> _ACTIVITY_:
Please repeat each line from the one holding "Serena williams us" through the final line of the data, exactly as it stands, with no pictures.
Segment Start: MATERIAL PROVIDED
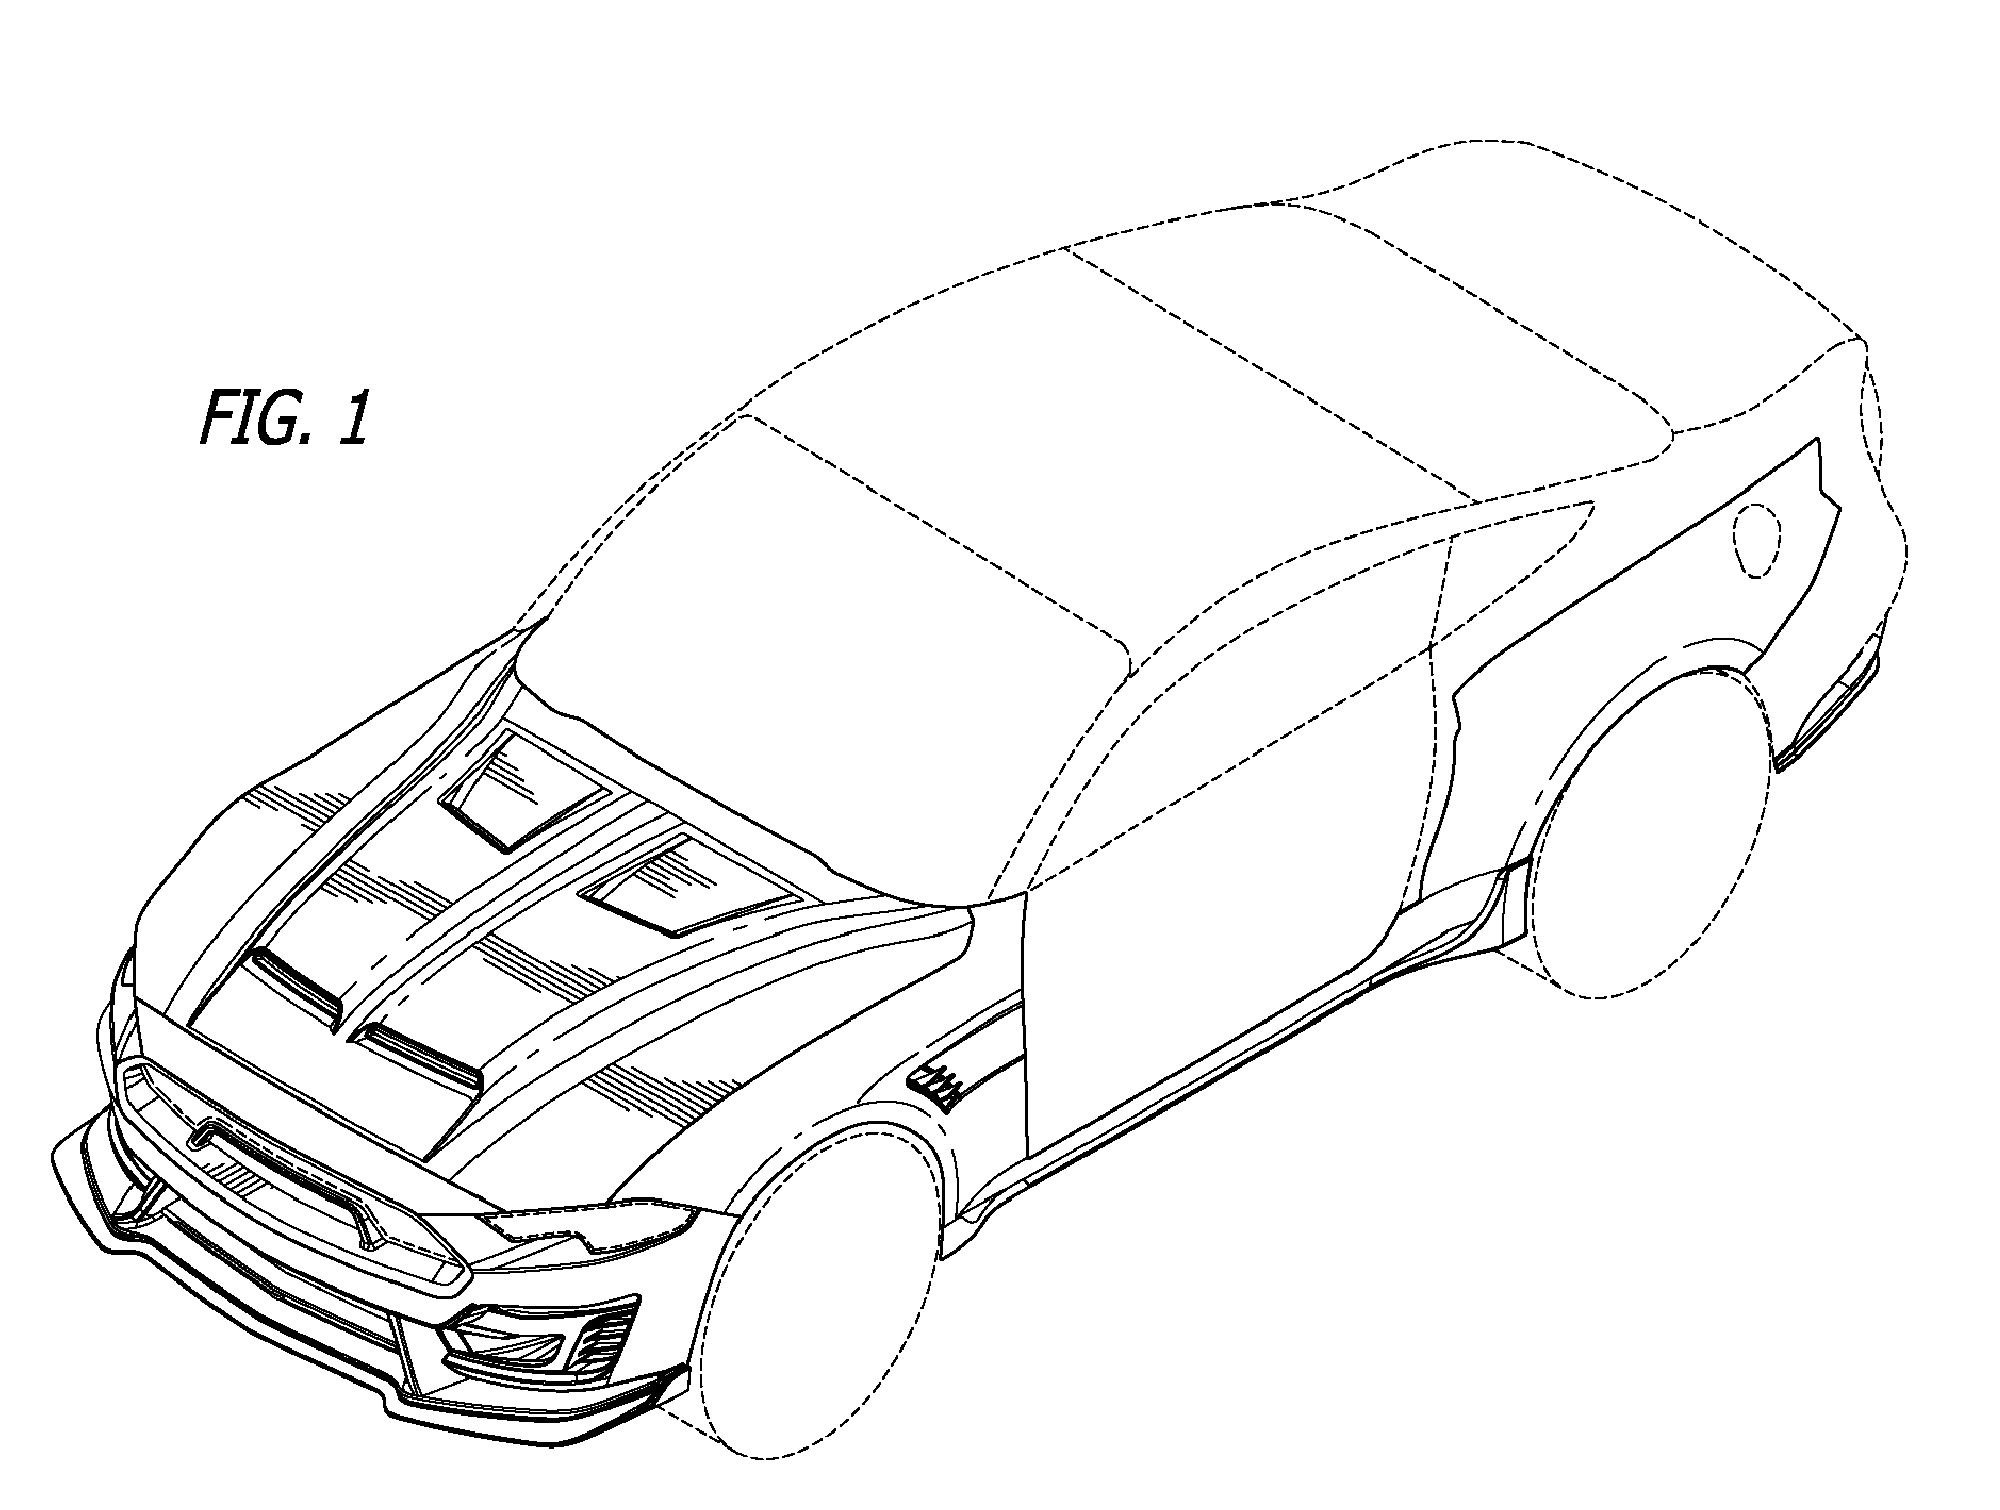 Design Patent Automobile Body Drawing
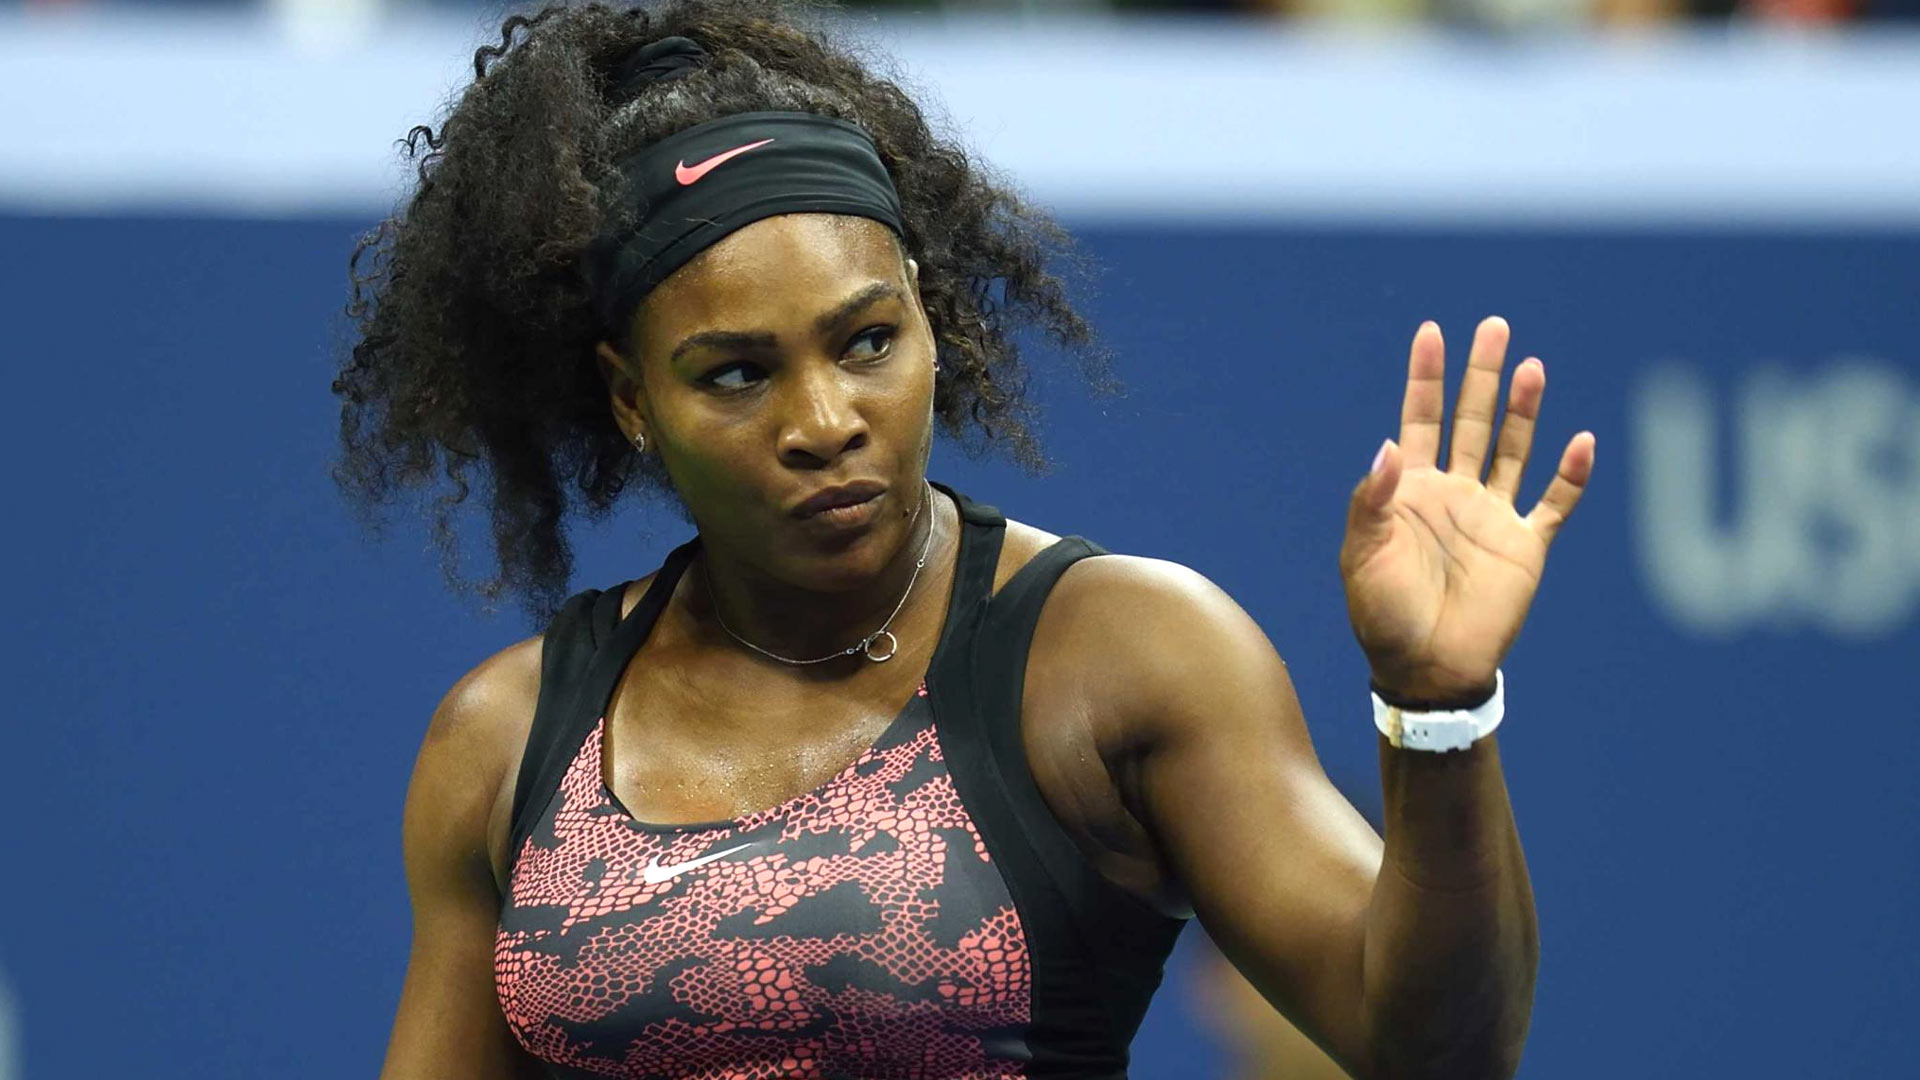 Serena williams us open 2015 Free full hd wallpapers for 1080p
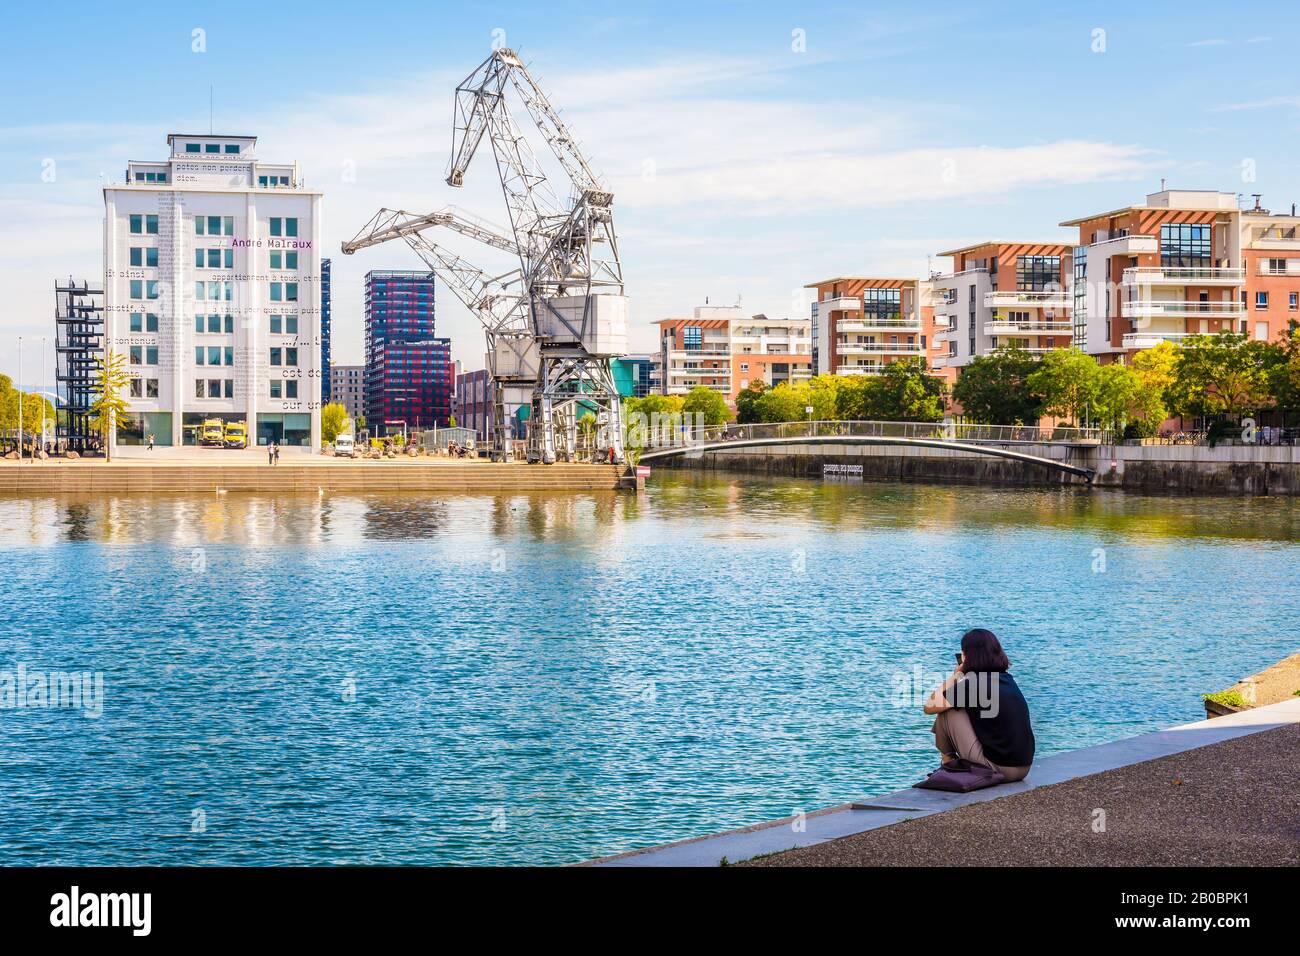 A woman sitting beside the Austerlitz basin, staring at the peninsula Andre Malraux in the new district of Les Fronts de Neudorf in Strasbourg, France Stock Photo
Segment End: MATERIAL PROVIDED
> _RESULT FOR THIS TASK_:
 Serena williams us open 2015 Free full hd wallpapers for 1080p
 A woman sitting beside the Austerlitz basin, staring at the peninsula Andre Malraux in the new district of Les Fronts de Neudorf in Strasbourg, France Stock Photo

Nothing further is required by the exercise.